To love is to do what is best for the beloved. Some people are easy to love, especially when we have great affection for them besides. Some people are rather more difficult to love.
Consider God’s love for us. We rejected him from the very start of humanity, and we reject him individually now, in varied ways, every day. Perhaps the most complicated form of rejection is the refusal to accept God’s love or even to believe that it is available to us. We have to be better before we can be loved, we think, or God won’t love us until we’re good and perfect and never make mistakes. That won’t happen this side of heaven. What will get us to heaven is embracing the love of the God who stands waiting for us constantly, always seeing us and loving us just as we are and desiring more for us than we could ever imagine. It is this journey from feeling unloved and forgotten to finding great joy in the love of the Father that Sr. Miriam James Heidland, SOLT, shares in Loved As I Am: An Invitation to Conversion, Healing, and Freedom through Jesus.

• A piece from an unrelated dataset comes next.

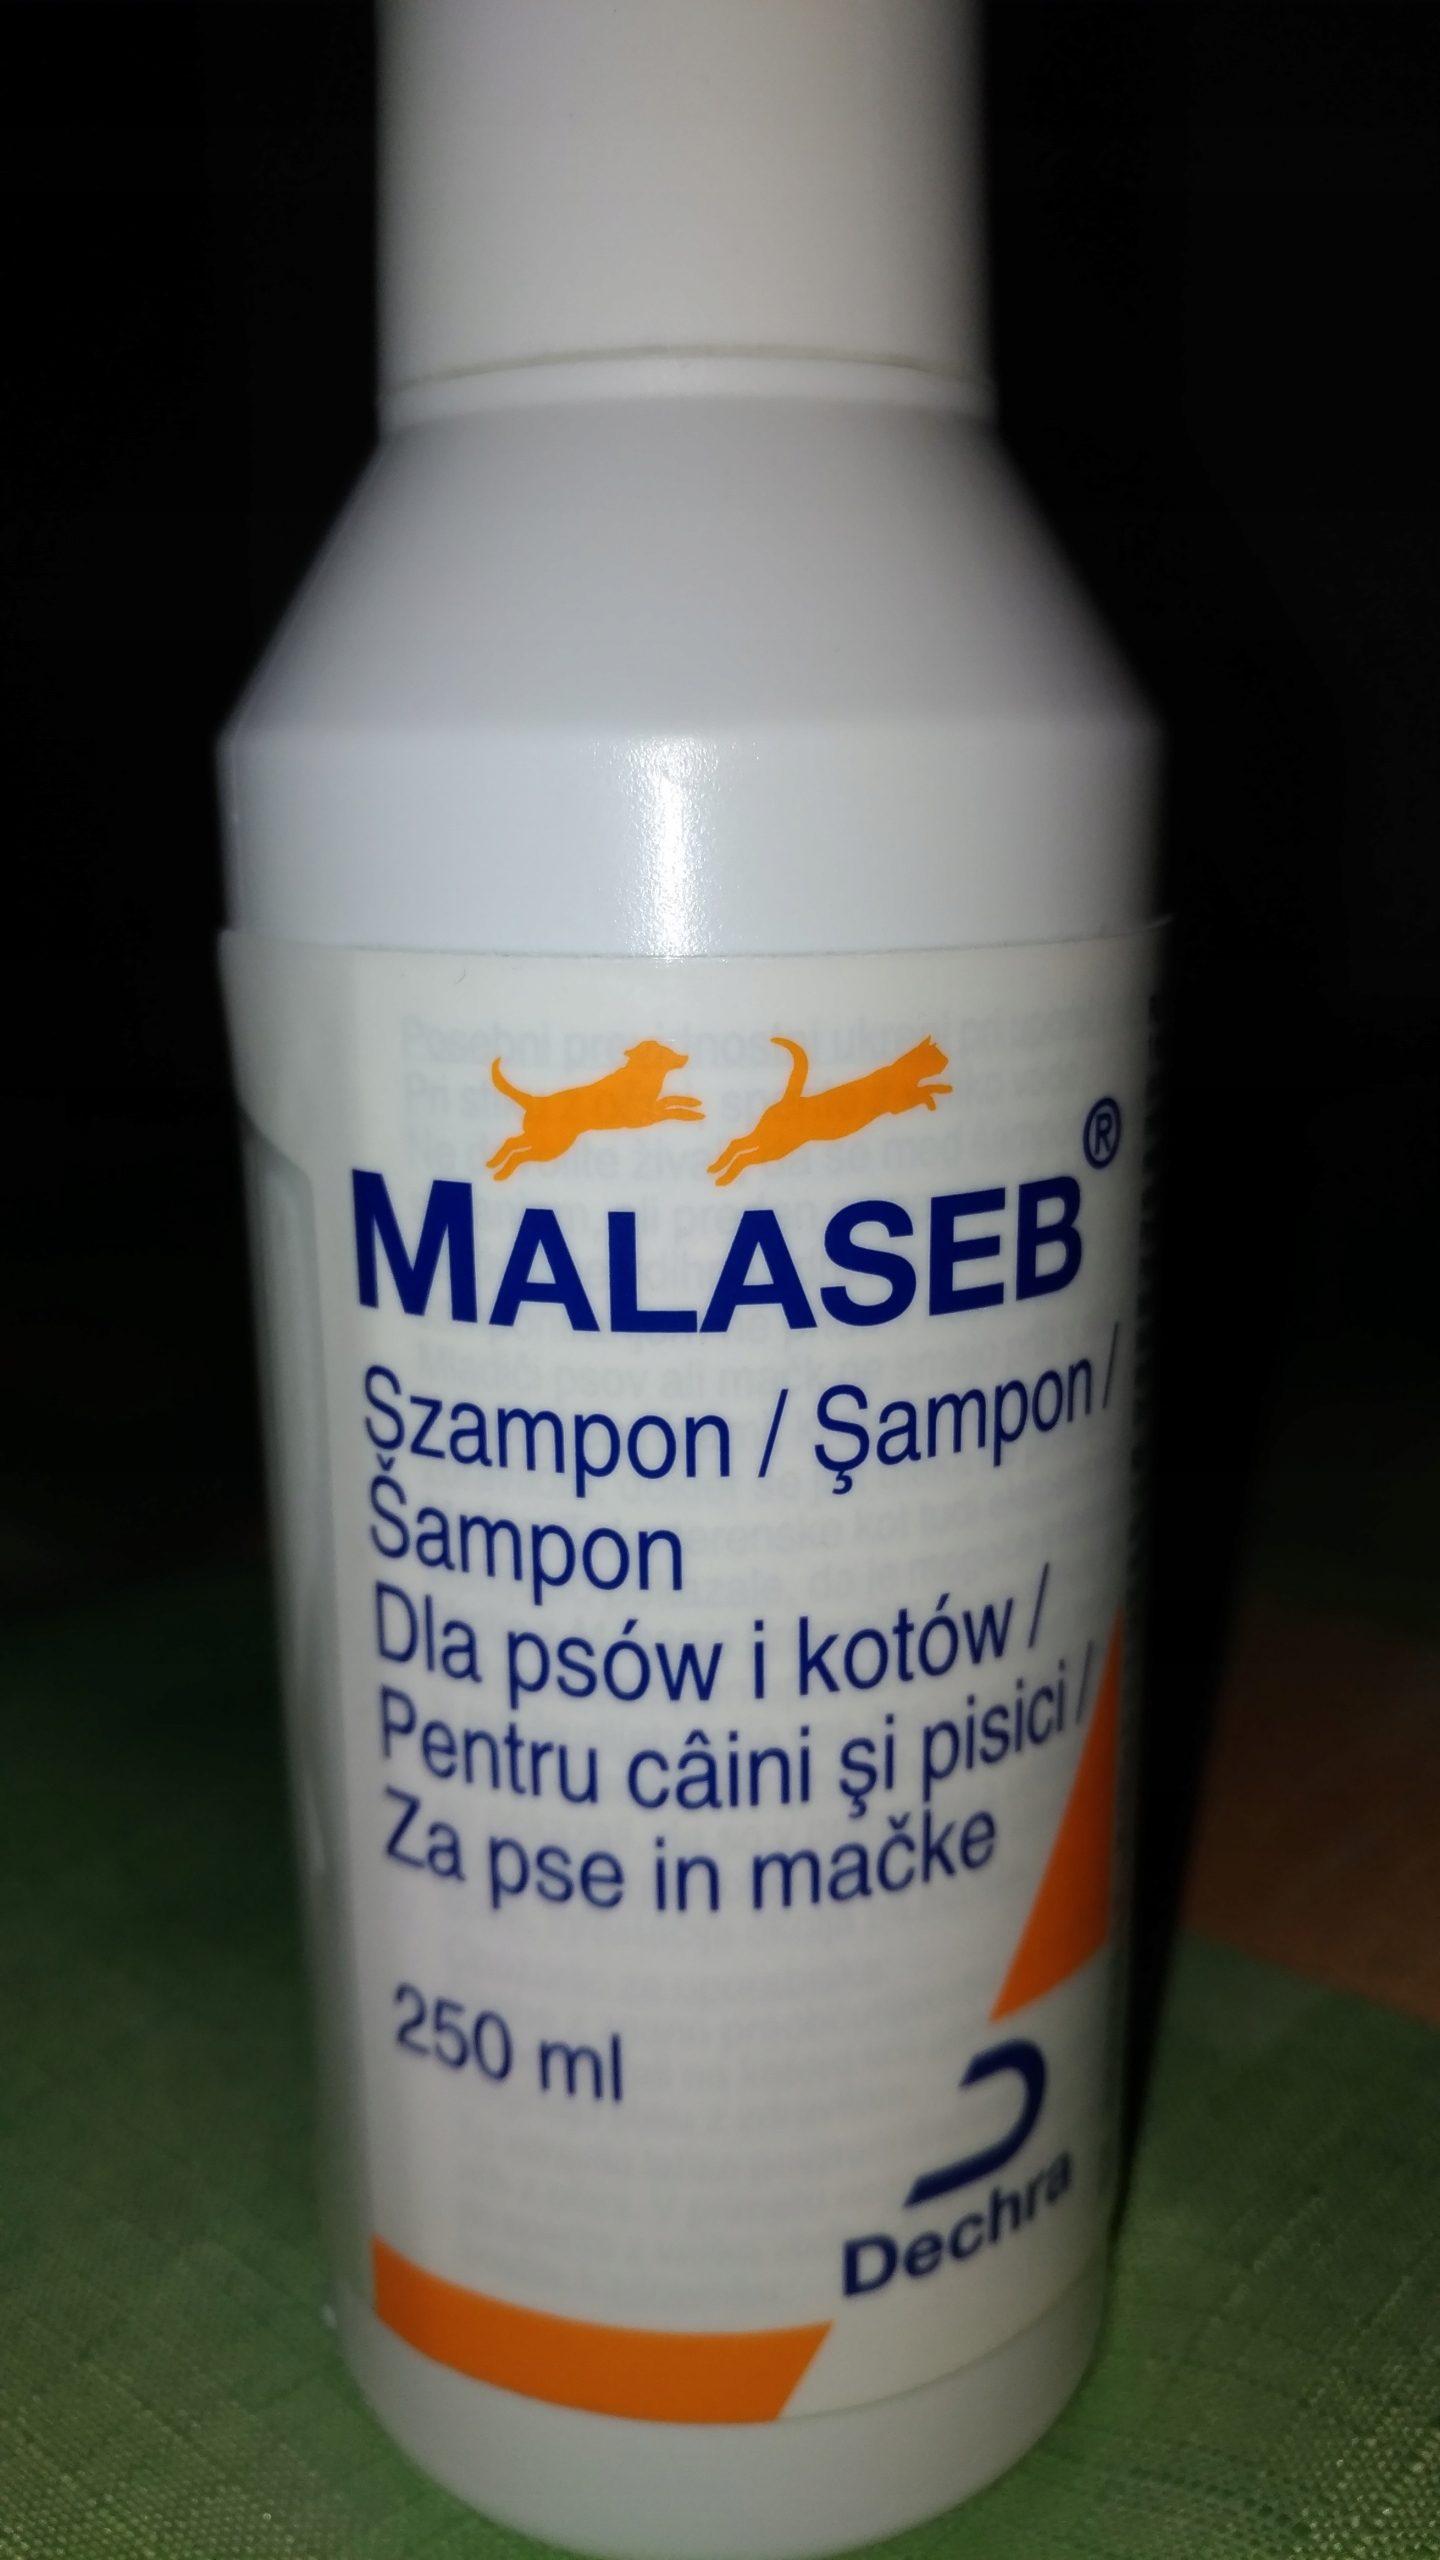 malaseb szampon ceneo

The young version of Sr. Miriam sounds like the last person you would expect to become a nun. Adopted by loving Catholic parents as an infant, she pursued the path of least social resistance in college, choosing drinking, partying, promiscuous relationships with men, and a promising athletic career over holiness. Through the wise counsel of a priest and her mother’s prayers, Sr. Miriam was forced to reevaluate her life. Unpacking the pain of feeling abandoned by her teenage birth parents, forgotten by God during instances of sexual abuse, and unloved by the men who wandered in and out of her bedroom and the bottles that were always empty eventually, she was able to find healing through Jesus.

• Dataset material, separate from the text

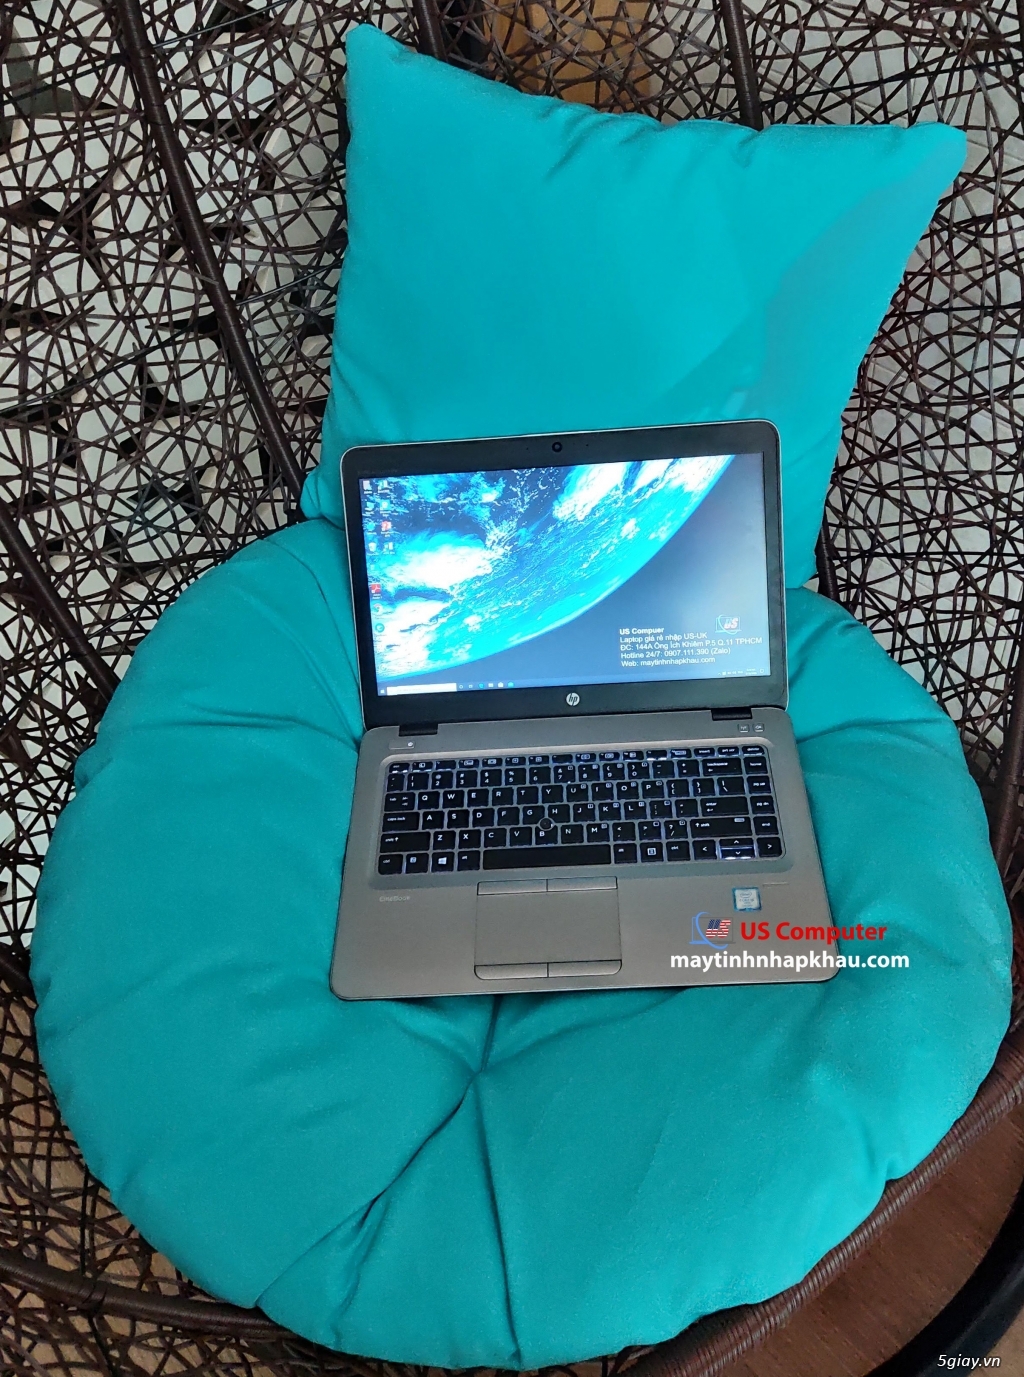 Laptop nhập HP 840 G4 thời trang - 16

In the process of breaking down the lies and identifying the truth, Sr. Miriam offers bits and pieces of her conversion story. I love conversion stories, so I wished she had shared more. It must have been an incredible journey to go from a young woman making the poor life choices so many people do in college all the way to a joyful life of vowed religious service. I have little doubt that learning the truth of Christian love and embracing it as something open to her specifically played a large role in that conversion. Granted, not giving the details keeps this from accidentally turning into a story about how learning to be loved means you have to become a nun. Everyone likes nuns, though, precisely because they are almost unilaterally joyful and at peace. Everyone wants joy and peace. Her story has some useful strategies even for the married, single, and priestly people of the world.
Each chapter concludes with a prayer composed by Sr. Miriam and a series of reflection questions. Although I couldn’t find much useful meatiness for myself in the chapters, I greatly enjoyed the reflection questions. As a former teacher, I know how difficult it is to write truly open-ended questions. She nails it.
I was a little confused by references in the later chapters to “inner healing prayer.” I’ve heard of a lot of different kinds of prayer, but that’s a new one for me. Sr. Miriam describes it as returning to painful memories to find and acknowledge God’s presence in those situations. I am completely on board with recognizing that God was present in all of those situations; that’s true. When I read that description, though, I was reminded of a passage in My Peace I Give You (reviewed here) in which Dawn Eden, also a survivor of childhood sexual abuse, cautioned against therapeutic methods that work mainly by reliving past painful experiences. Eden suggested that, sometimes, bringing a painful memory back to the surface can do more harm than good. Both of their approaches are valid, but I’d be interested to hear more about the prayer technique Sr. Miriam recommends and how it connects to other counseling practices (Catholic or otherwise). That was my only concern with Loved As I Am.
This book is definitely one for beginners, for seekers, for those who are struggling to find meaning and purpose in their lives but don’t think Jesus could possibly be the answer. The text strikes a good balance between laying out the down-and-dirty reality of brokenness and hurt and pointing the reader toward the riches that can be found in the Lord. While reading, I got the impression of taking the first sip of a delectable wine or the first bite of a favorite dessert. The hesitation and uncertainty is finally quelled, and the experience is just enough to inspire that second sip and next bite. As Sr. Miriam and I both found out, once you decide to live for Jesus, you can never go back.
I received a free copy of Loved As I Am from Ave Maria Press in exchange for my honest review. Many thanks for their generosity!